A reworked version of this song was used in the Big Sing 2008. The Big Sing raised money for CLIC Sargent and Marie Curie with hundreds of schools singing this song at the same time across the United Kingdom and Republic of Ireland, breaking the record for "most people simultaneously singing the same song".

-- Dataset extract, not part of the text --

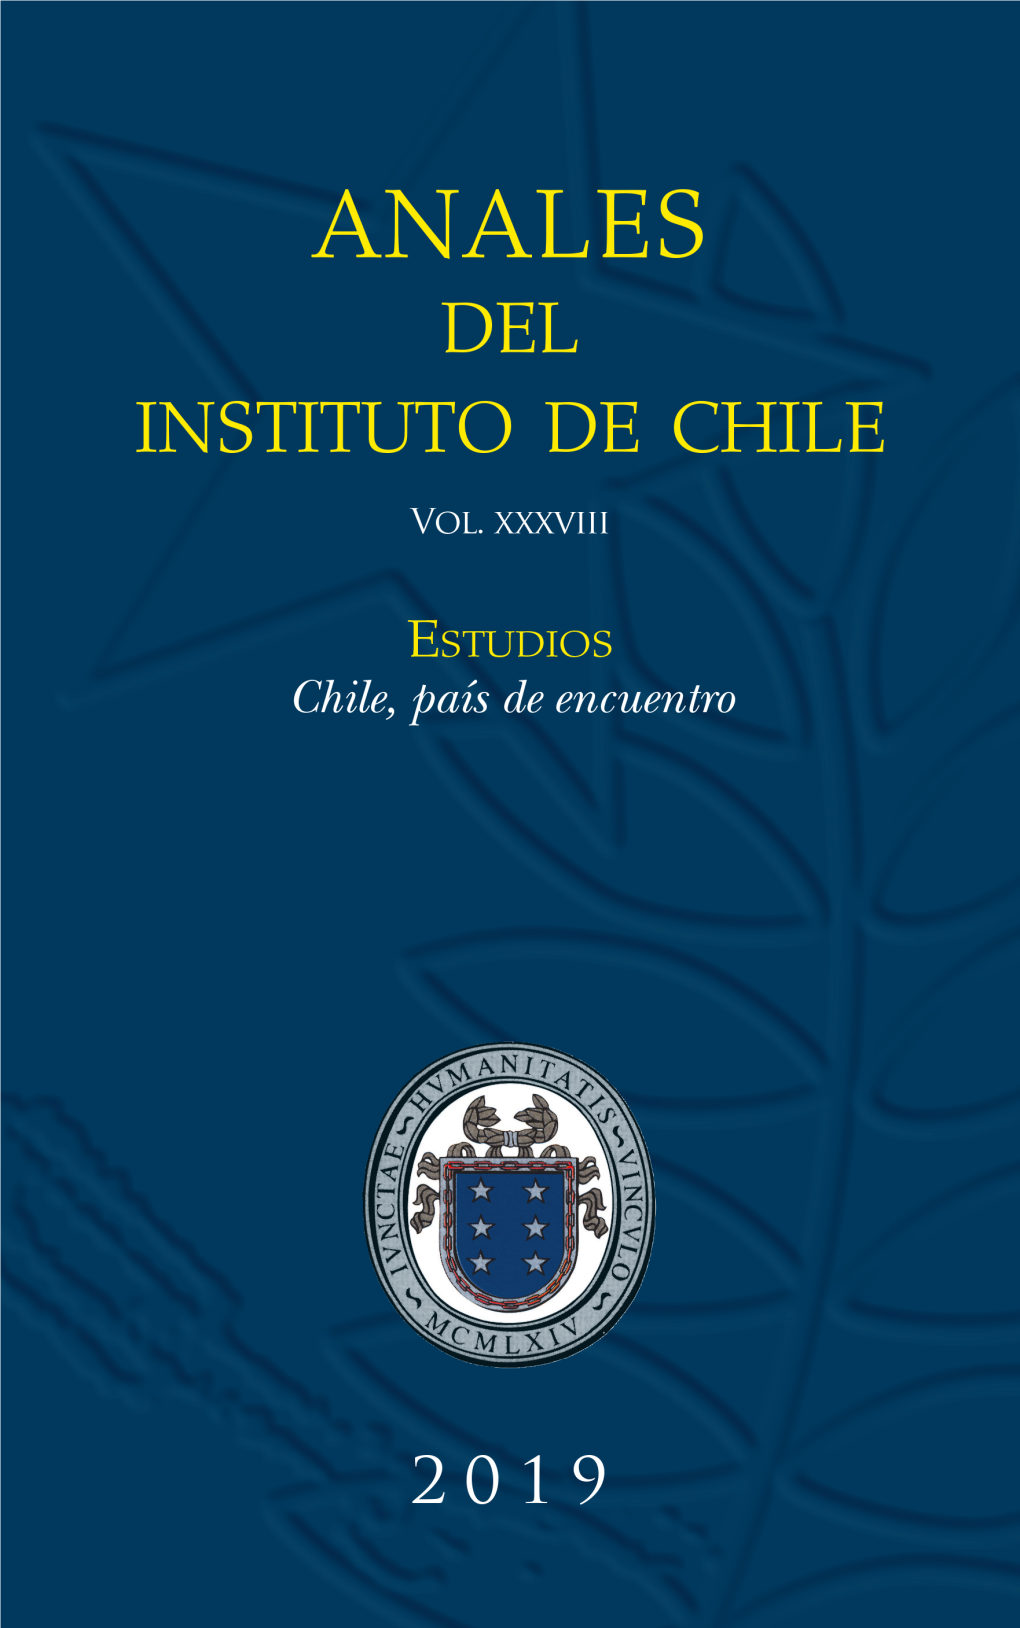 2019.Indd 2 29-11-2019 20:06:18 ANALES DEL INSTITUTO DE CHILE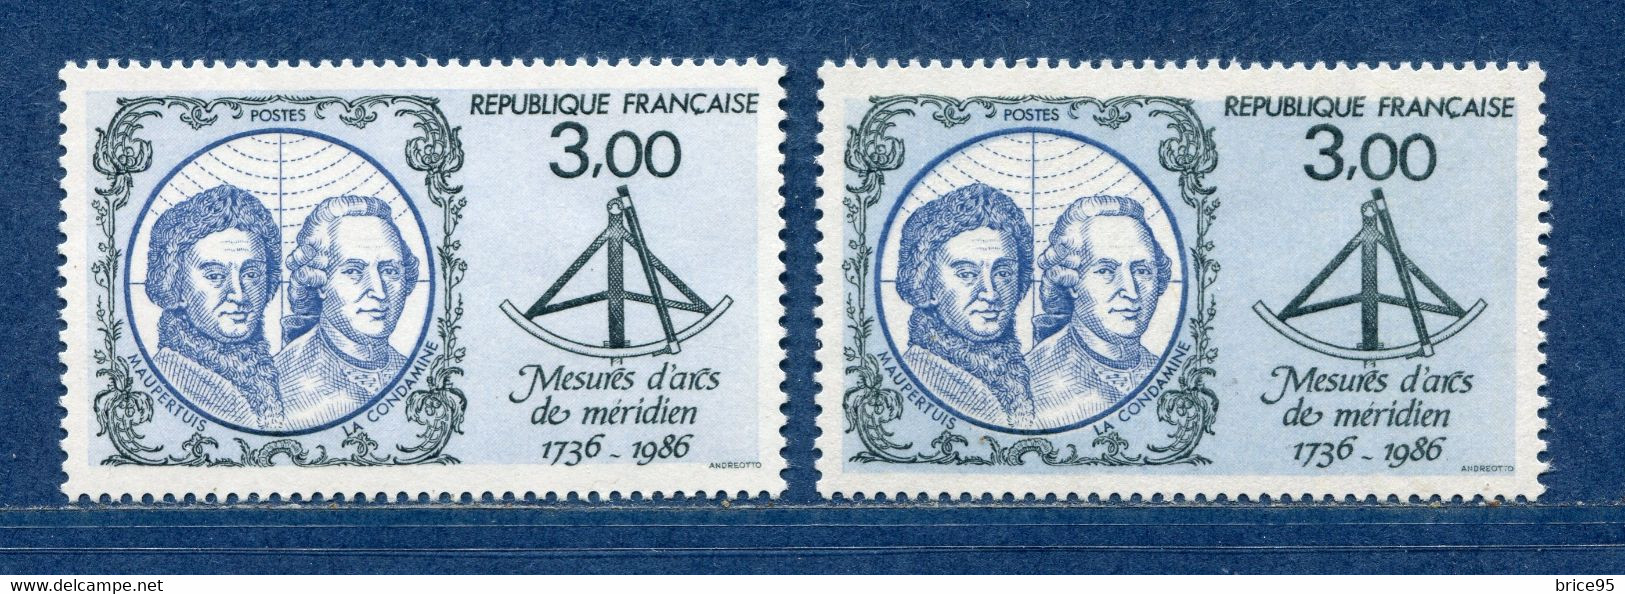 ⭐ France - Variété - YT N° 2428 - Couleurs - Pétouilles - Neuf Sans Charnière - 1986 ⭐ - Unused Stamps

In 2021, the song was featured in CW's The Flash, covered by Mel B in an episode of Antena 3's Spanish adaptation of The Masked Singer, and featured in a mashup with Janet Jackson's Rhythm Nation in the 2021 adaptation of Cinderella, sung by Camila Cabello, Idina Menzel and the ensemble cast.

In 2022, the song was again covered in The Lake, S1E5. It was sung by Billie, played by Madison Shamoun.